WORK INSTRUCTION = I'd like the listing below copied exactly, with the images left out.

SUPPLIED INFORMATION =
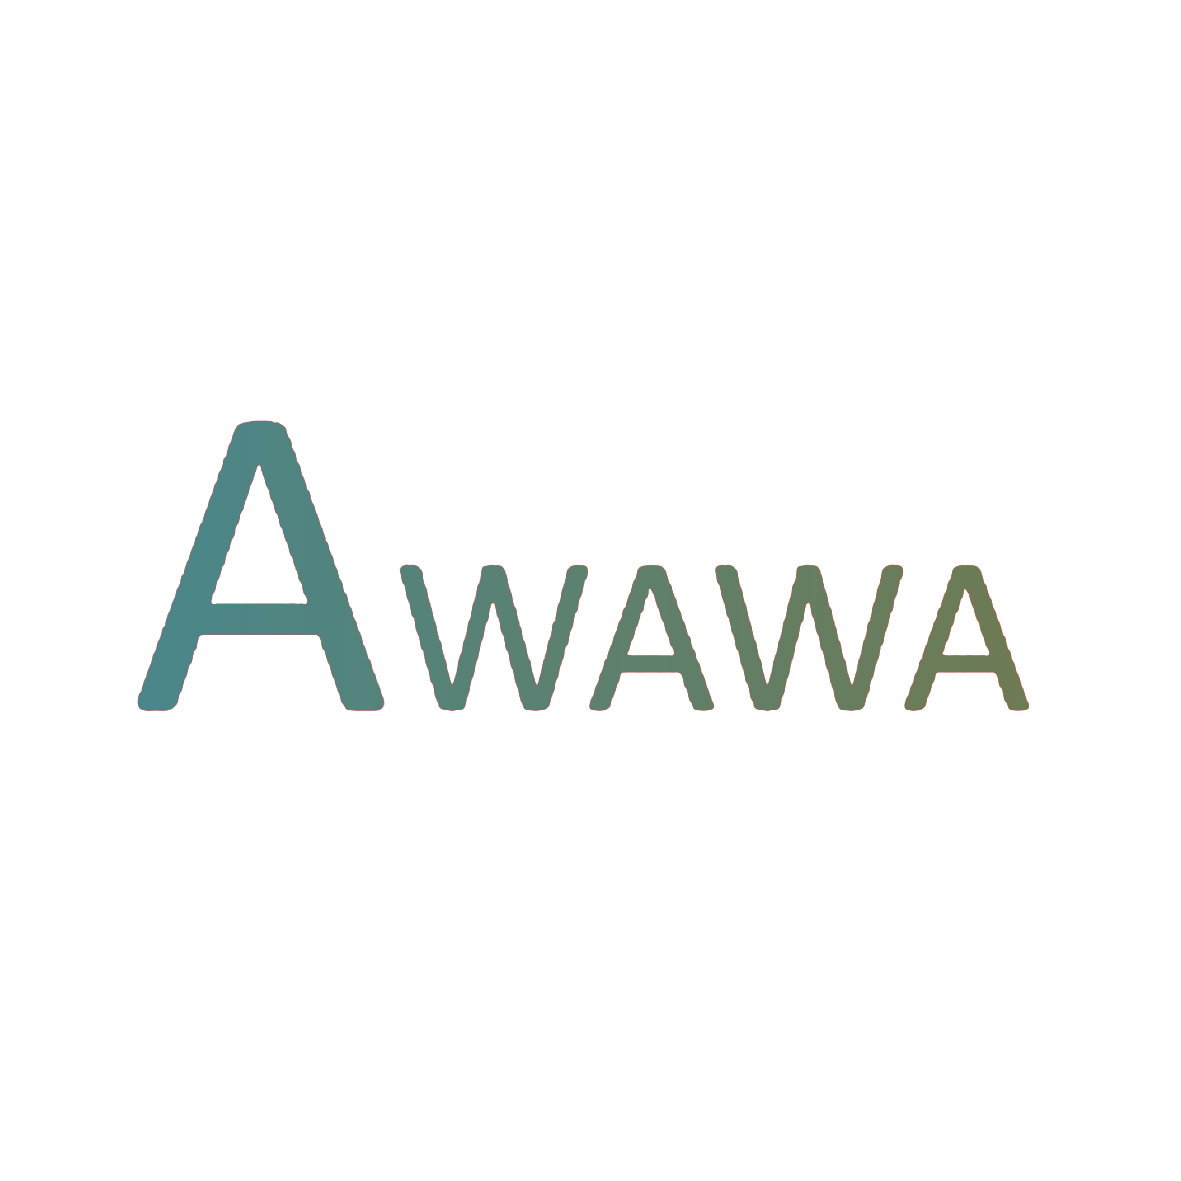 AWAWA
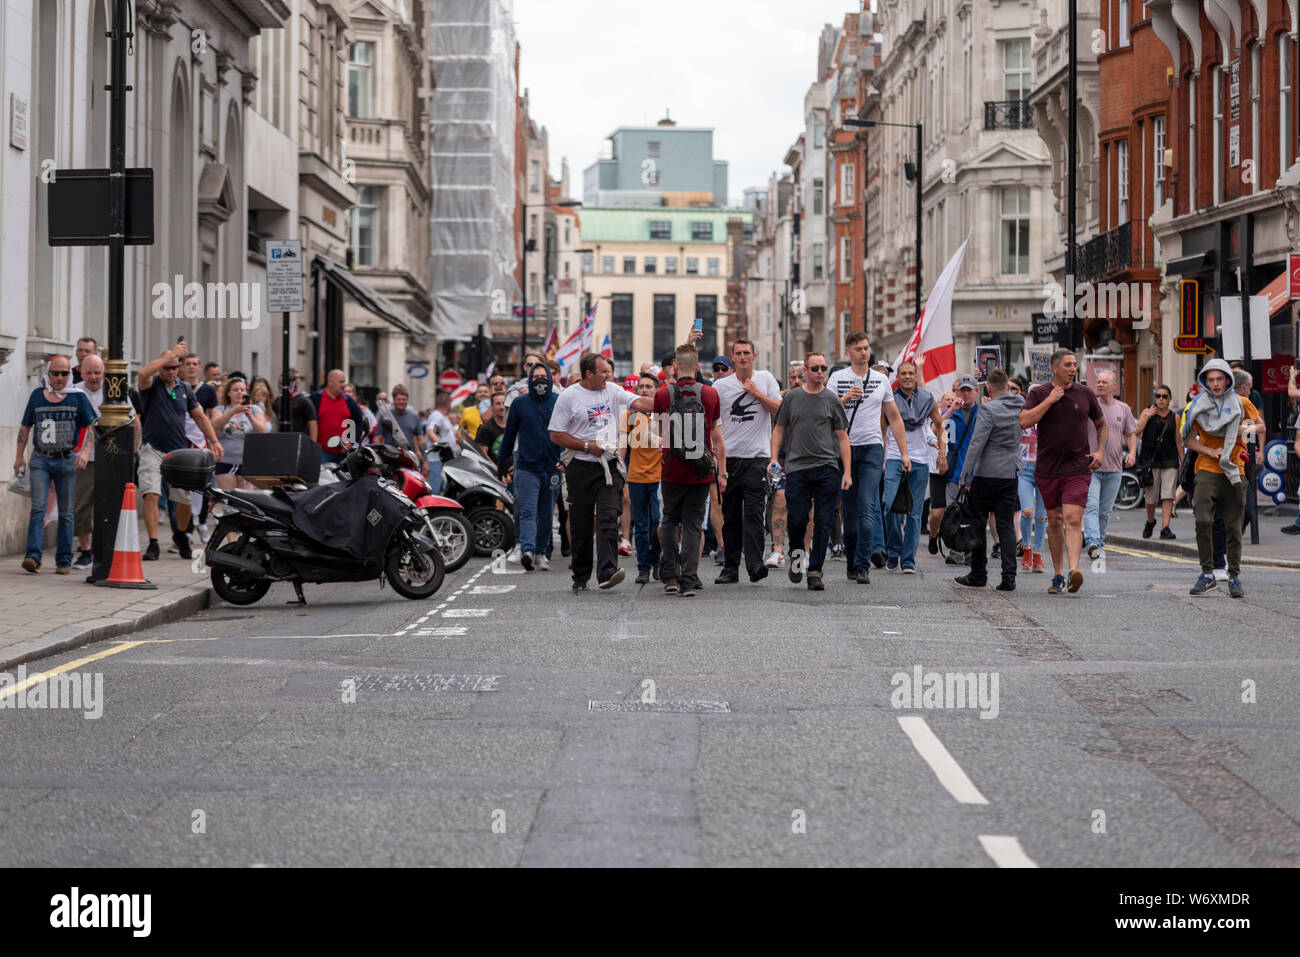 Un rally está teniendo lugar en Londres para protestar contra el encarcelamiento de Stephen Yaxley-Lennon, quien va por el nombre de Tommy Robinson, y está cumpliendo una pena de cárcel en Belmarsh prisión tras haber sido declarado culpable de desacato al tribunal Foto de stock
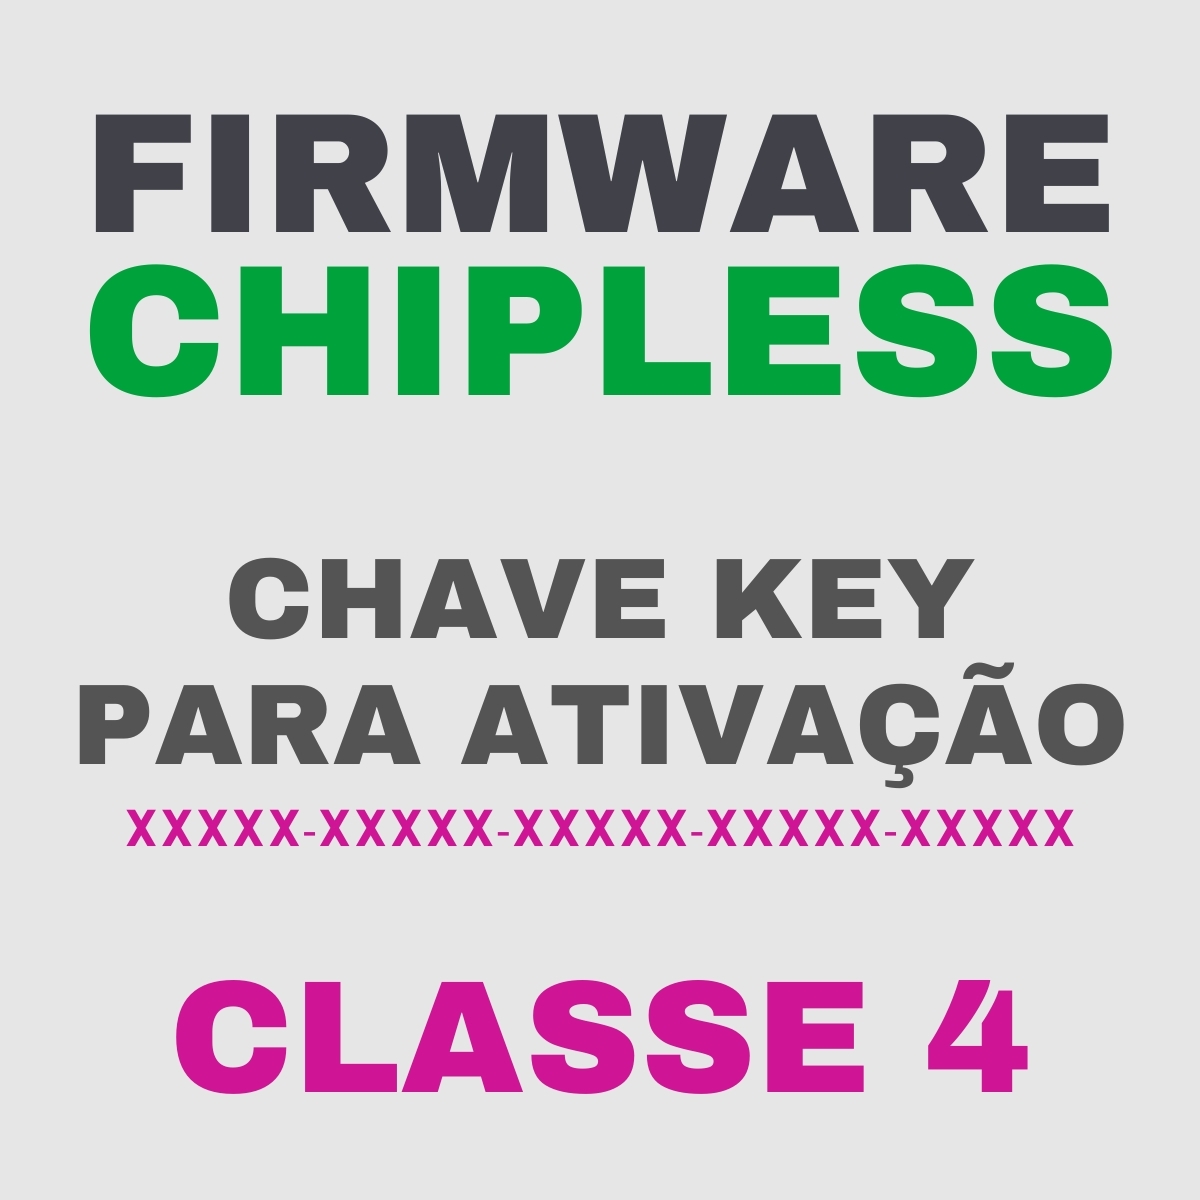 Chave Key de Ativação Firmware ChipLess para Impressora Epson - Classe 4

SOLUTION FOR THIS TASK =
 AWAWA
 Un rally está teniendo lugar en Londres para protestar contra el encarcelamiento de Stephen Yaxley-Lennon, quien va por el nombre de Tommy Robinson, y está cumpliendo una pena de cárcel en Belmarsh prisión tras haber sido declarado culpable de desacato al tribunal Foto de stock
 Chave Key de Ativação Firmware ChipLess para Impressora Epson - Classe 4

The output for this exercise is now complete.